“Yes, ma’am,” said the old housekeeper respectfully, but speaking in a very slow, impressive tone; “because it is their nature to howl when they know there’s death on the way.”

“Gertrude, my dear, for goodness’ sake don’t you be superstitious. It’s absurd. It is what you have just heard—an old woman’s tale. Why, if dogs howled because there was death about, they’d pass their days doing nothing else, and wouldn’t have time even to wag their tails.”

“Denton, you are old enough to know better.”

“Yes, ma’am, I’m seventy years and three months old, and I suppose I ought to know better, but I don’t.”

“There is nothing to mind, Denton,” said Gertrude gently. “Poor Bruno quite startled me for the moment, but he has settled down now, and—”

She stopped short, for the dog again uttered the same long, low howl—a cry which sounded more impressive than the one they had heard before.

Gertrude’s face looked ghastly, and for a moment she reeled and caught at Mrs Hampton’s trembling hand, while the old housekeeper sank upon her knees and buried her face in her apron.

Gertrude was the first to recover her presence of mind.

“How childish!” she said, as she crossed to the old woman where she knelt. “Denton, dear, don’t think so seriously of such a trifle.
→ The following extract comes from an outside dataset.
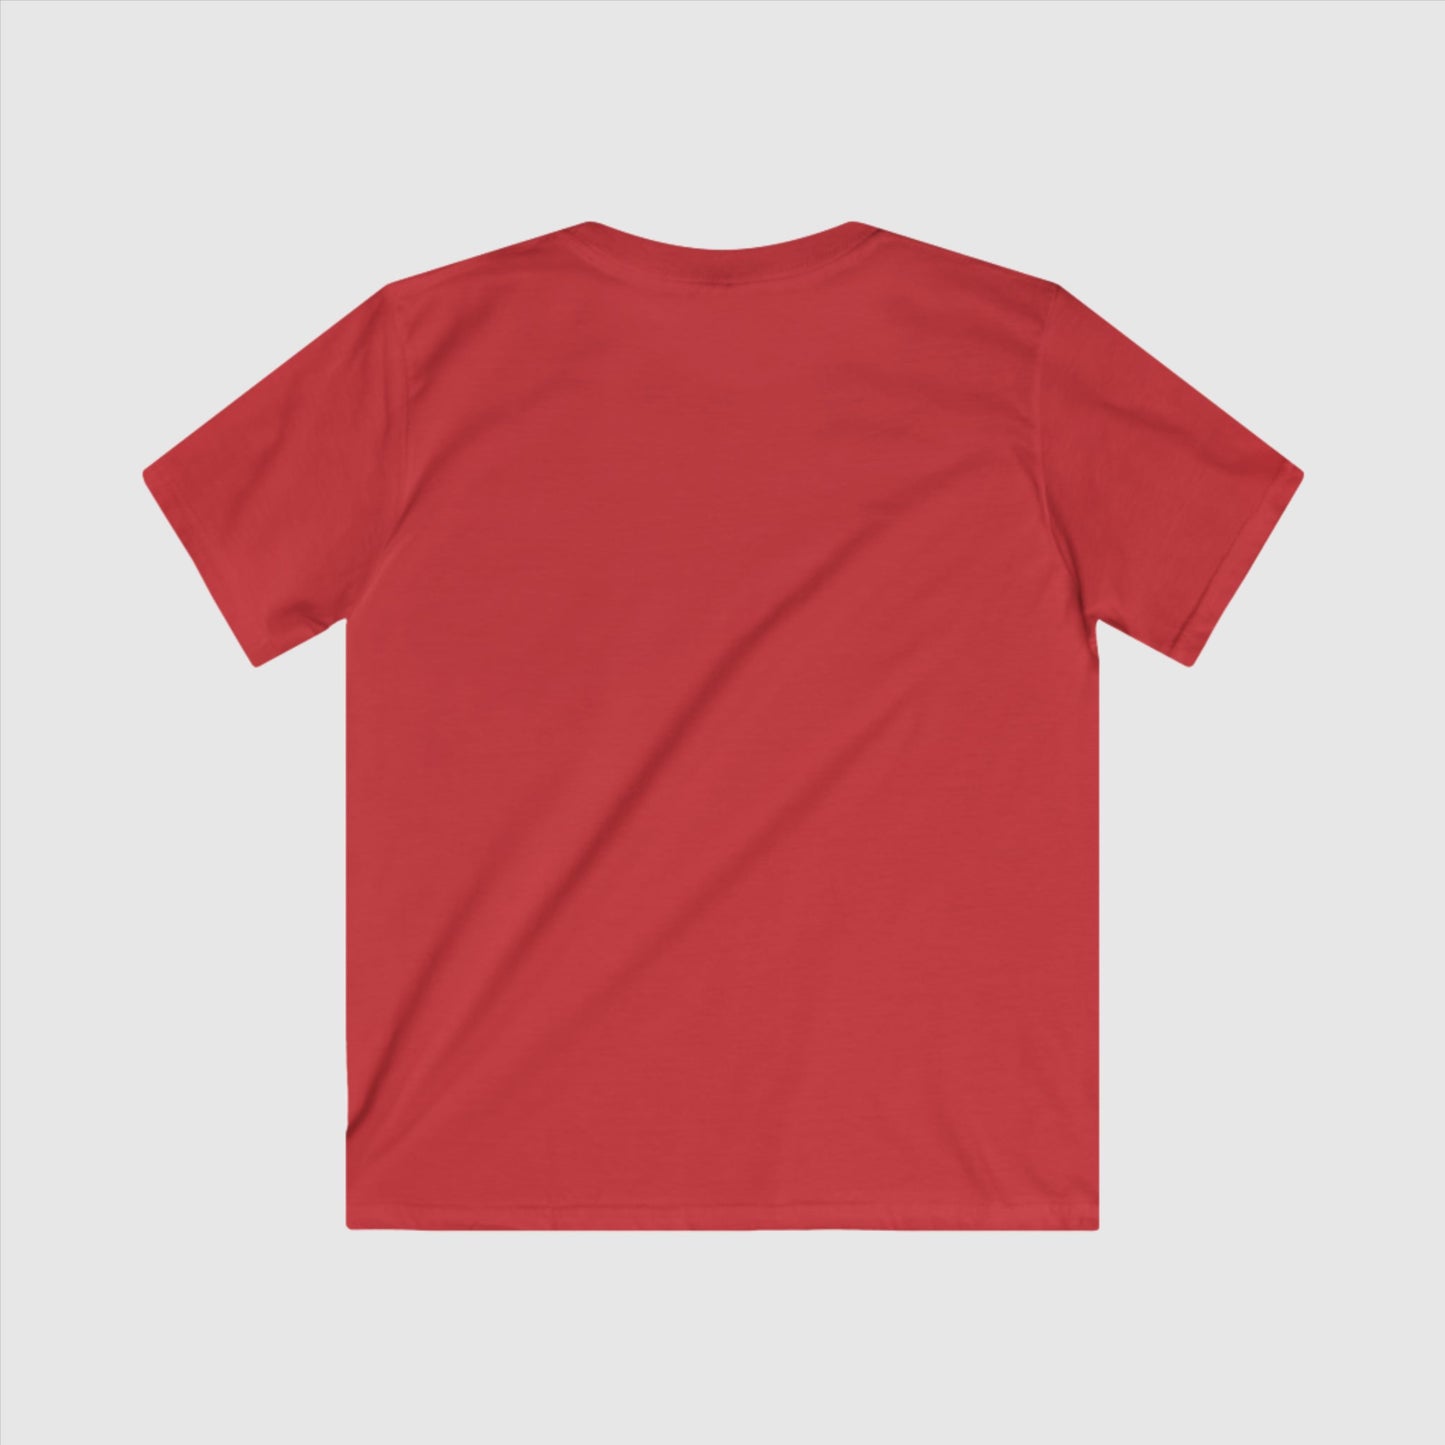 Kids Simple Blank Tee with Personalized Name and Icon Neck Label
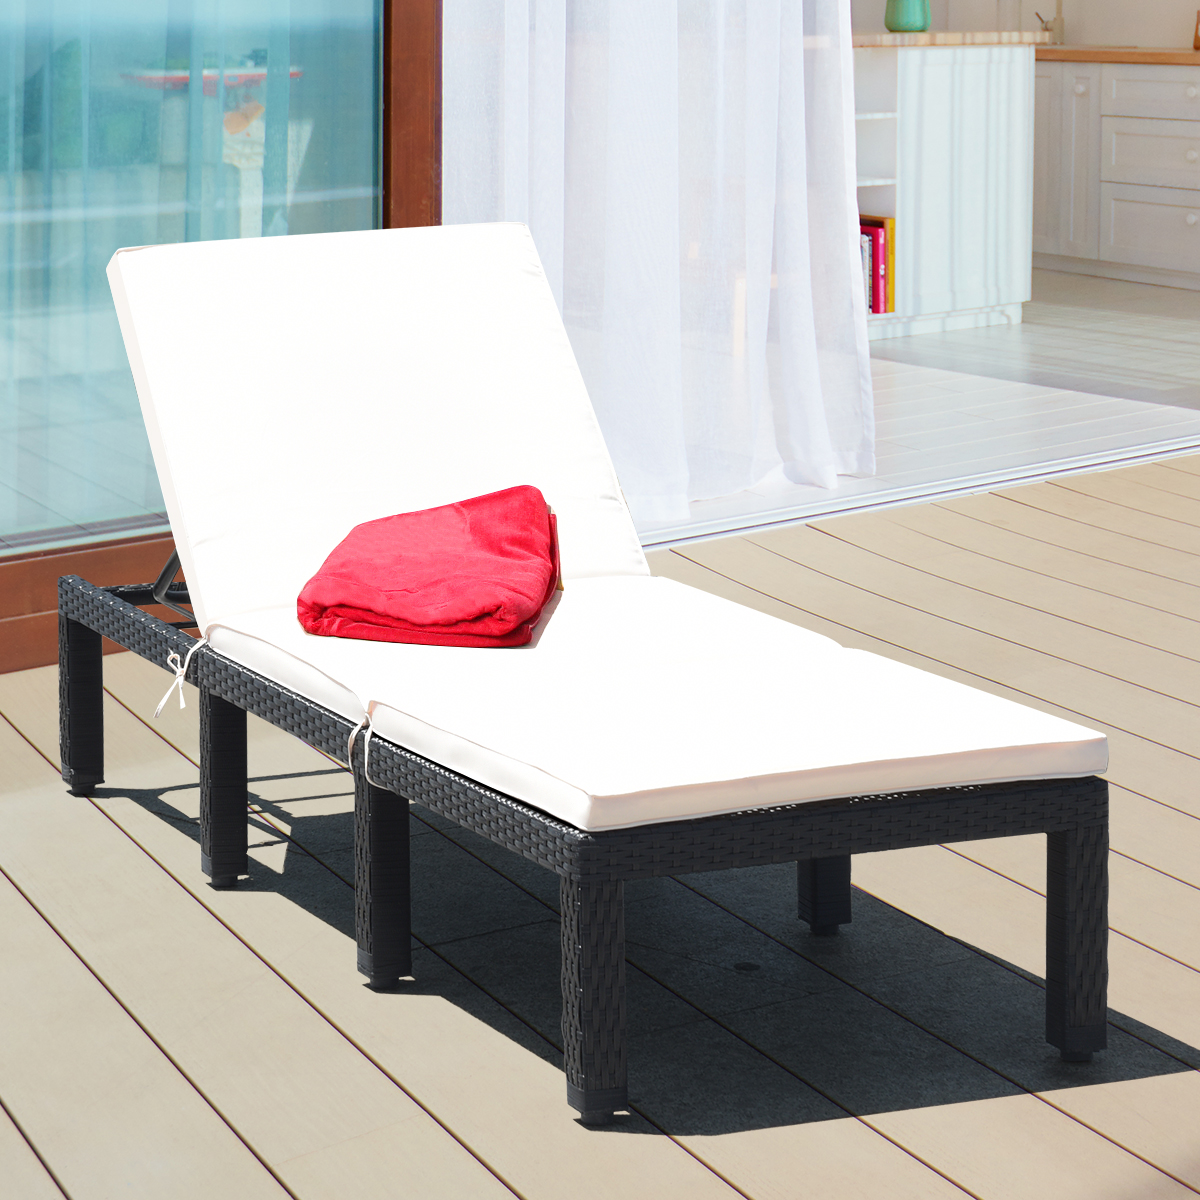 Costway Patio Lounge Chaise Couch Cushioned Rattan Height Adjustable Garden White - image 1 of 9

There is no truth in these old superstitious ideas.”

“No truth, my dear?” said the old woman, taking and kissing the hand laid upon her shoulder. “Was there no truth in my shutting poor Bruno up in the shed, and his getting out by tearing his way under the side, and howling in the garden the night poor dear master died? I know what you will both say to me, that I am a silly old woman; but I have seen and heard strange things in my time, and I hope, with all my heart, that this is not a sign of ill having come to some one we know, whether it’s to young master or Mr Saul. But, mark my words, we shall hear something terrible, and before long.”